Jan 9th.
Today's training.
warmup with jump rope, Indian clubs and body weight exercises.
"Bear complex" with a 2" fat bar.: deadlift, upright row, powerclean, push press, for 6 reps for 4 sets. I like the fat bar for grip strength and racks well.
21,15,9 reps for time.
Dumbell trusters (off box)
Burpees (suck as always)
8:40min
5 sets of kettlebell push jerk with 24 and 28kg.
5 sets of kettlebell floor press with 32kg.

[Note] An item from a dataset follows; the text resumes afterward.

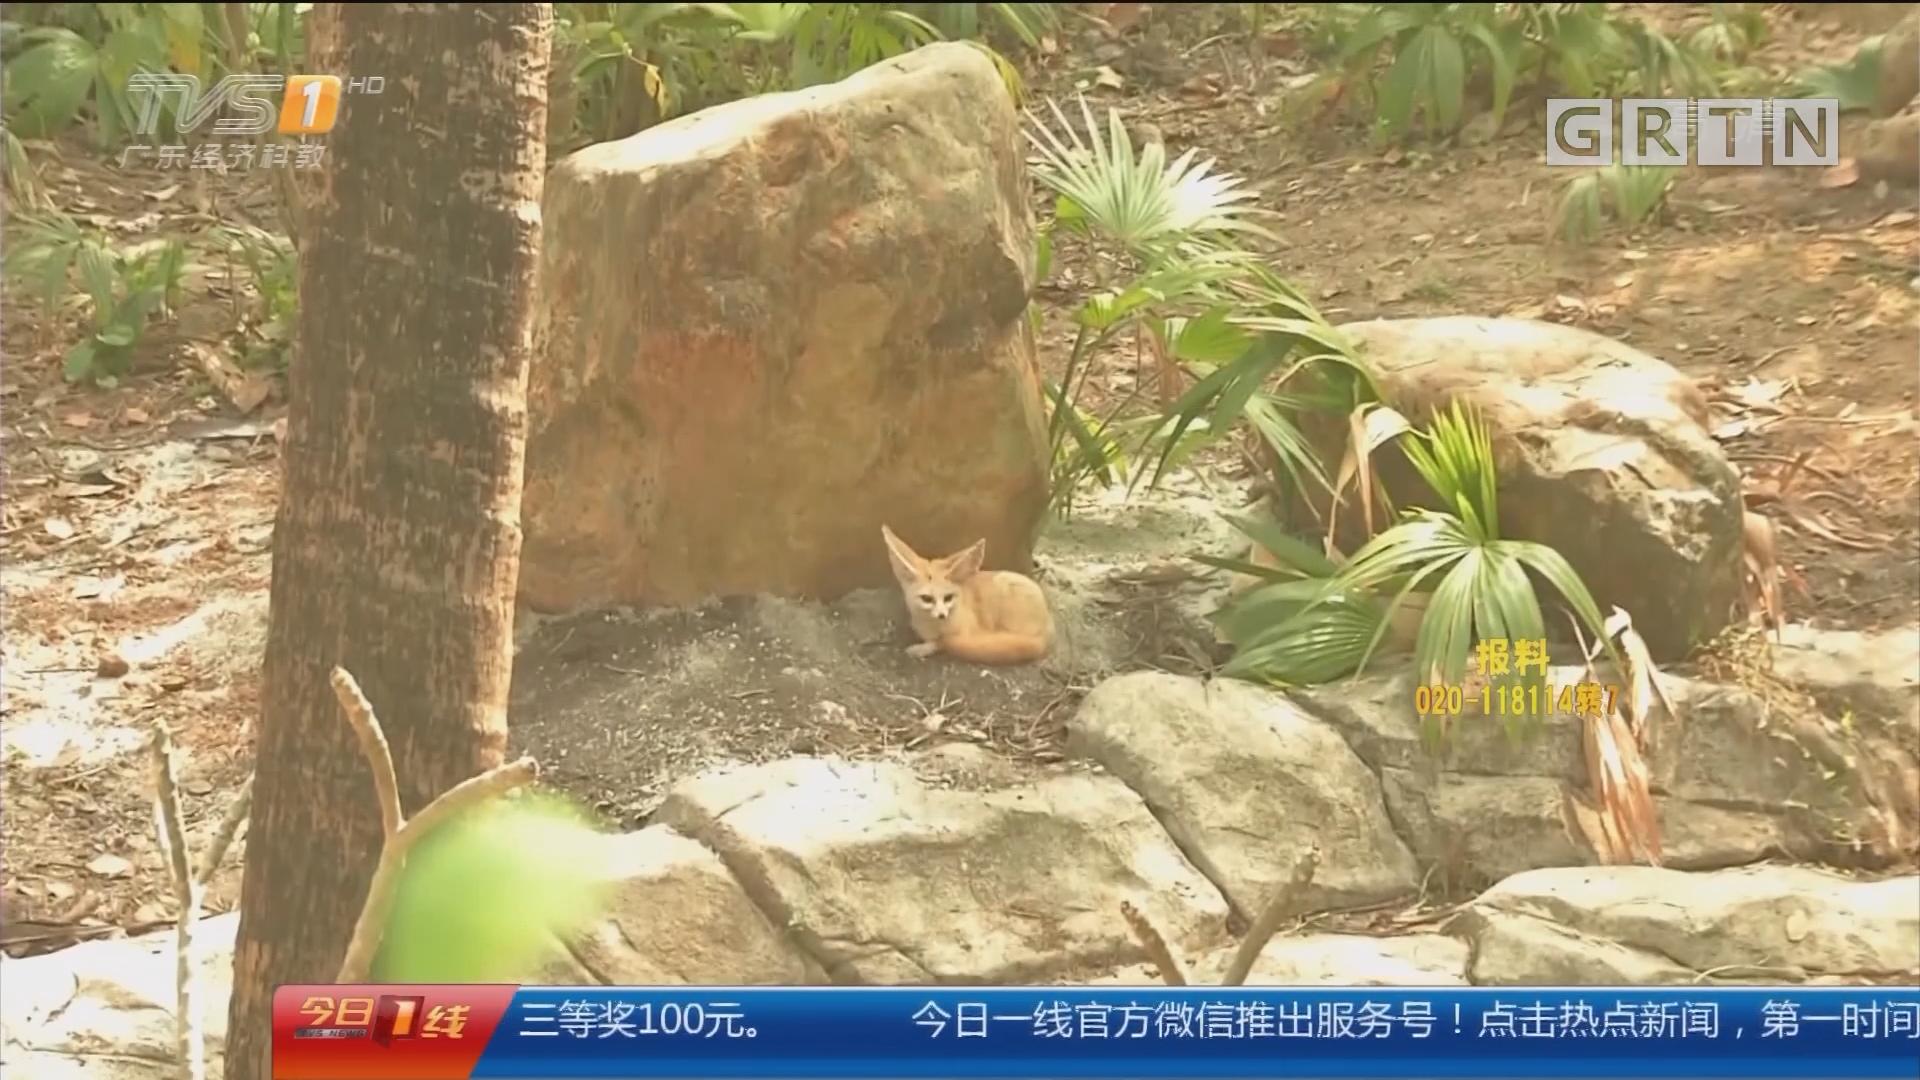 广州动物园 耳廓狐:大耳朵 吃水果 爱挖地洞

There is a ever increasing number of people using kettlebell in their fitness programs. Some however, try to do mostly all of their exercise using the kettlebells as a one-size-fits-all-tool. Now there is nothing wrong with that, but you can't in good conscience, promote the kettlebell or make grand promotional statements, that is will make you totally fit and free from excess body fat.
First, fitness as a concept has never really been defined so it is all things to all people as they perceive. So to say that all you have to do to be fit and burn fat, is to use kettelbells, with a few exercises is hard to validate. Even for GPP, you really need a number of exercises that the kettlebell is not suited for or can not be used. Therefore anyone using kettlebell for general fitness, sport development, tactical enhancement, has to use the kettlebell in the context it was really intended; predominately ballistic, strength endurance, in a timed sequence.